The manager of the appellant automobile company refused to accept the draft in payment of the automobile, whereupon appellee, who was the representative of the milling company in Little Bock, was called on the ’phone by Flanagin, who explained the facts to him. Appellee went to the office of appellant and explained that the draft was perfectly good, but appellant’s manager still declined to accept it, whereupon appellee gave his personal check on a local bank for the price of the automobile. This check was paid upon presentation, whereupon Flanagin demandéd possession of the automobile in payment for which the check had been drawn by appellee. Appellant’s manager then stated that he had “put one over,” that is, he had adopted the method pursued to collect the dishonored draft, and he declined to surrender possession of the automobile.

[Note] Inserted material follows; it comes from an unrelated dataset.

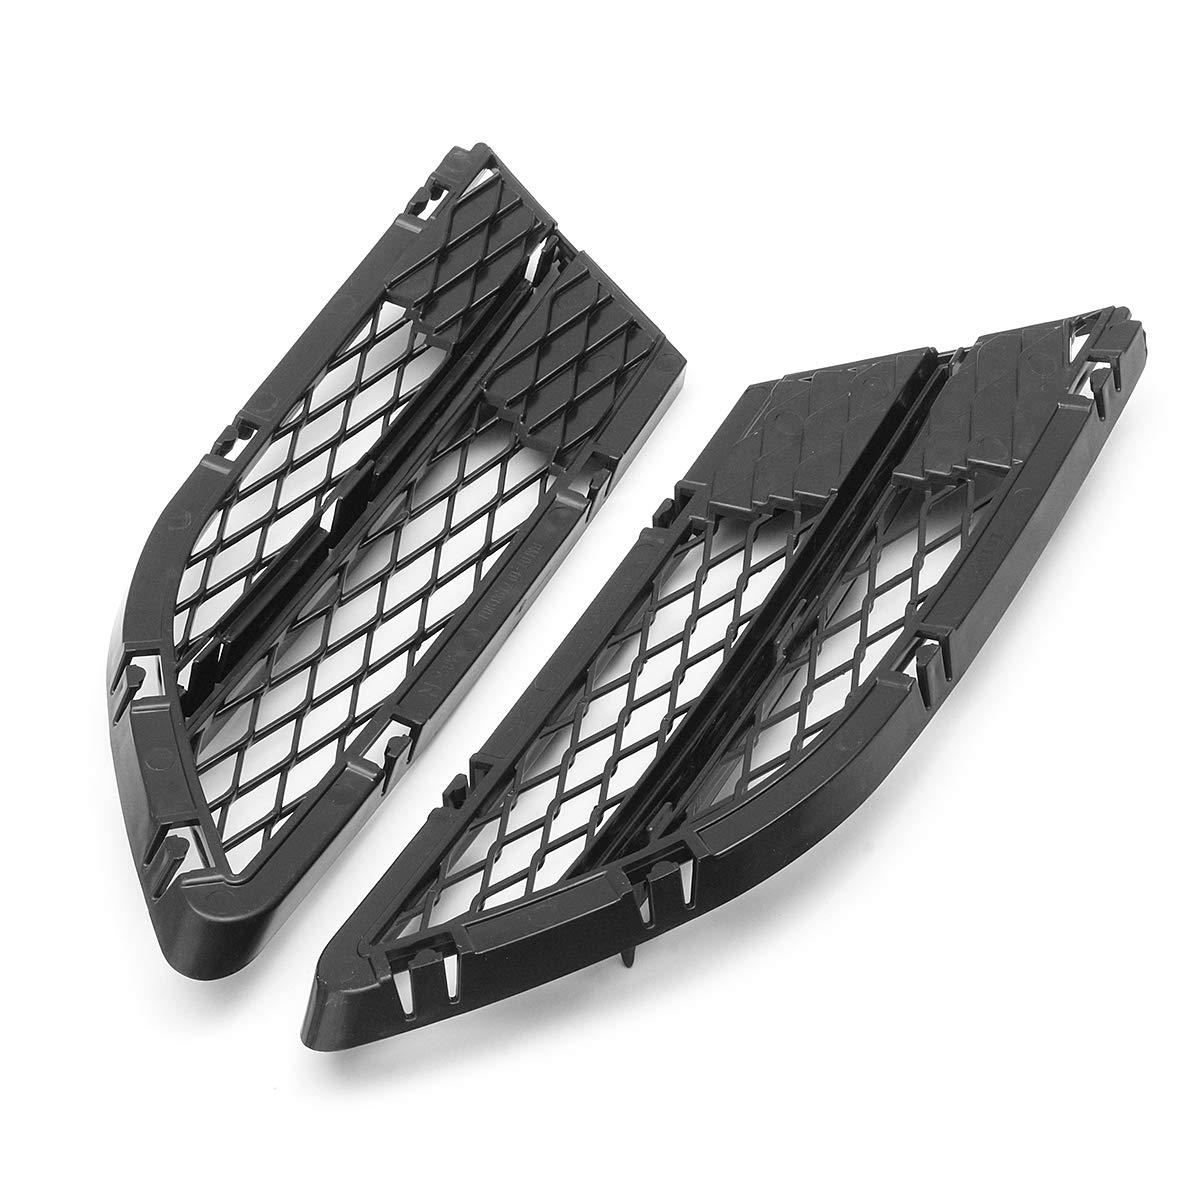 MOMOALA AAlamor Paraurti Anteriore Sfiati Anteriore Griglia Inferiore Grill Net per BMW Serie 3 E90 E91 325I 328I 335I

Appellant refused to endorse the draft drawn by the milling company, and that company refused to pay the draft upon the ground that the automobile had not been delivered. Thereupon appellee brought replevin to recover the automobile shown to Flanagin as the one he had purchased. There was no controversy about the value of the automobile and the court directed the jury to return a verdict in favor of appellee for the automobile, or $597.75, its value.
Appellant insists, for a reversal, that replevin is a possessory action and that appellee has shown no sufficient title to maintain a suit for the possession of the automobile, inasmuch as it 'would have been delivered to Flanagin, and not to appellee, had the sale of the automobile been fully completed by delivery. It may be conceded that such is the law; but it does not follow on that account that the judgment must be reversed or the cause dismissed. It is true we have several times said that one may not sue for a tort and recover upon a contract. A number of cases so holding are cited in the case of Grist v. Lee, 124 Ark. 206, which is to the same effect. The reason for the rule was there stated in the language of the Court of Appeals of New York to be that “Pleading and a distinct issue are essential in every system of jurisprudence, and there can be no orderly administration of justice without them. If a party can allege one cause of action, and then recover upon another, his complaint will serve no useful purpose, but rather to ensnare and mislead his adversary.”

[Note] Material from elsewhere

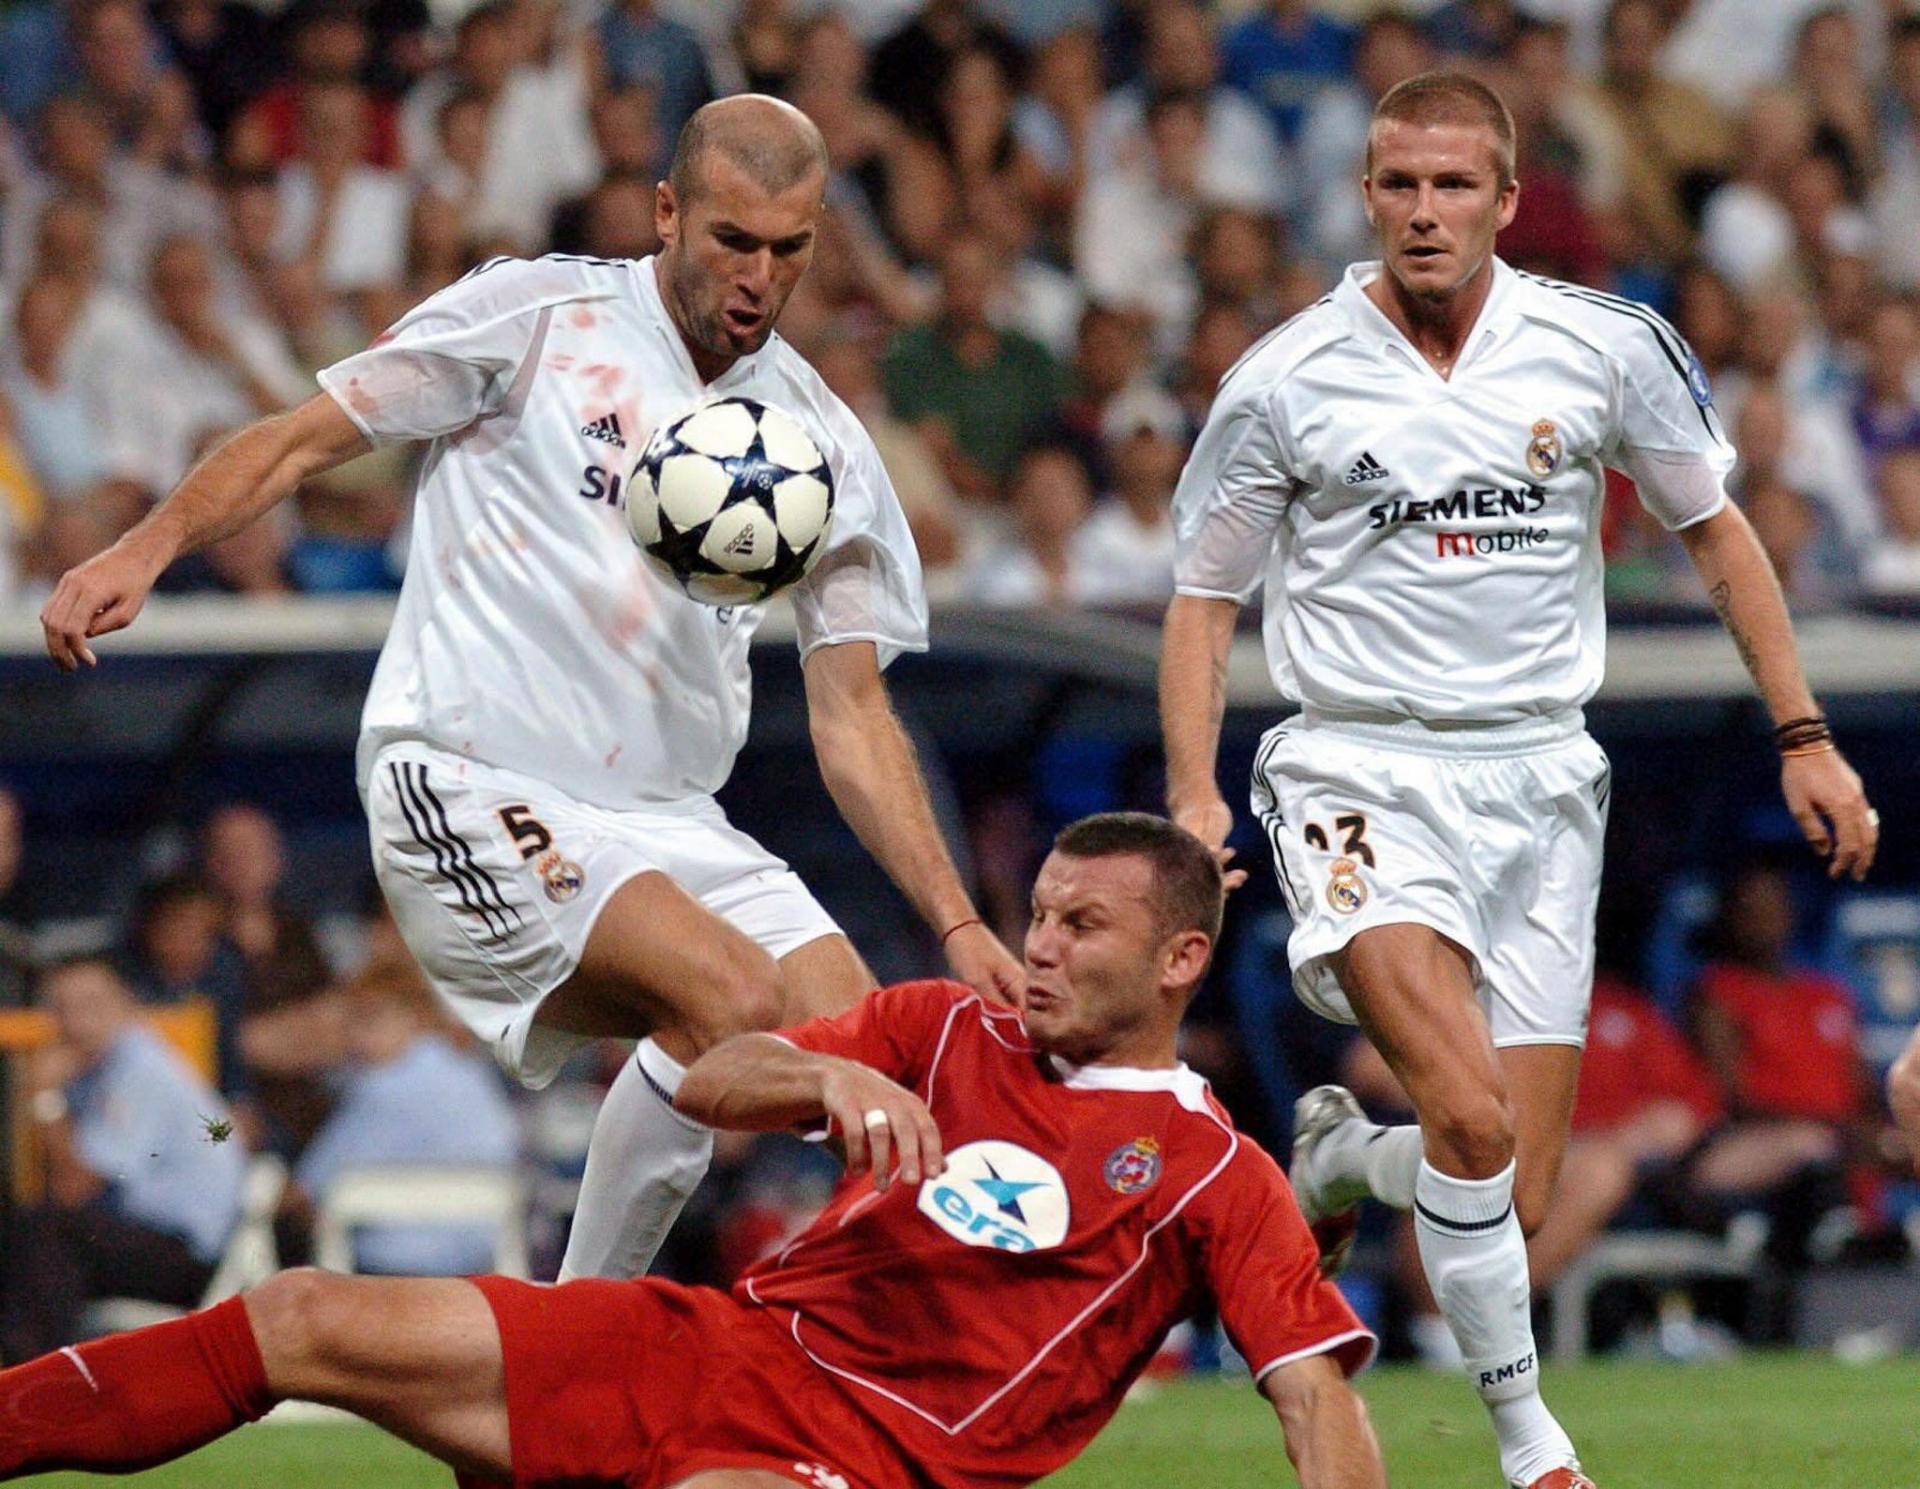 Real Madryt - Wisła Kraków 3:1 (25.08.2004)

The reason given does not apply here, nor does the rule itself. It is true replevin is a possessory action (Spear v. Arkansas National Bank, 111 Ark. 29), but one may bring a replevin suit without asking a delivery of the property previous to the trial. He may have the title to the property adjudged even though he asks no immediate delivery of the property upon an order of delivery, which he may have upon making the affidavit and giving the bond required by law. The cause may proceed to judgment without any delivery of the property prior to the judgment. The nature of the suit is not affected by the failure to issue an order of delivery. Eaton v. Langley, 65 Ark. 448. And the right to a judgment for the possession of the property, or for its value, will not be defeated because the party wrongfully detaining the property has parted with the possession at the time of the suit. Harkey v. Tillman, 40. Ark. 551; Hamilton v. Ford, 46 Ark. 245. The automobile company gave bond and retained the possession of the automobile.

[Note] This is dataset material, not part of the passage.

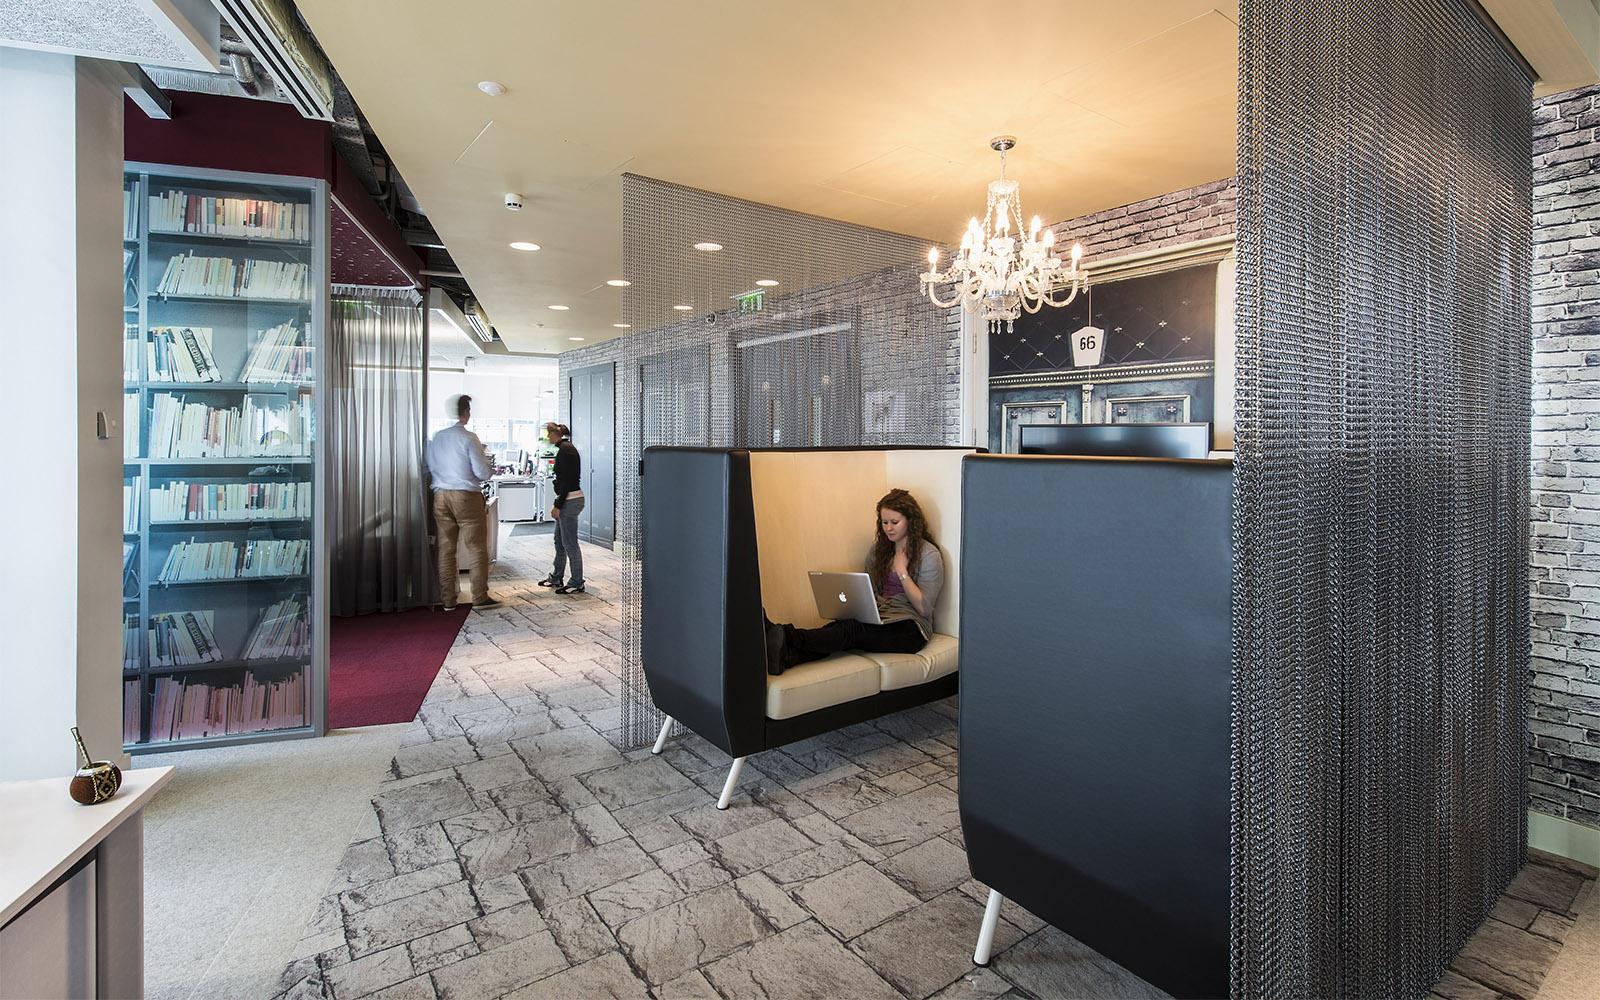 Sitzbereiche im Google Office Dublin in Grautönen mit gemustertem Teppich von ege

Here there is no change in the cause of action. Appellee asked and w.as granted, relief to which he was not entitled; but that fact furnishes no sufficient reason for refusing him the relief to which the undisputed evidence shows he is entitled. He gave appellant his check upon the express understanding that an automobile would be delivered to Blanagin, and upon the refusal of .appellant so to deliver the automobile appellee was entitled to have his money returned to him. Appellant had no right to keep both the money and the automobile. There was no intention on appellee’s part to pay the outstanding debt of the milling company, and the appropriation of money for that purpose, which was paid for another purpose, was wholly without justification, and appellee is entitled to have a judgment for the money so wrongfully appropriated.
If the cause were dismissed, the trial of another suit would be in the same court, between the same parties, and upon the same testimony, and at its conclusion appellee would be entitled to have the jury told to return a verdict in his favor for the sum of money for which he now has judgment. Such circuity of action is contrary to the spirit and policy of our Code of Practice and will not be required.
The judgment of the court below will be modified, however, so as to permit the recovery only of the amount of the check, and the judgment will thus become purely a money judgment, and, as thus modified, it is affirmed.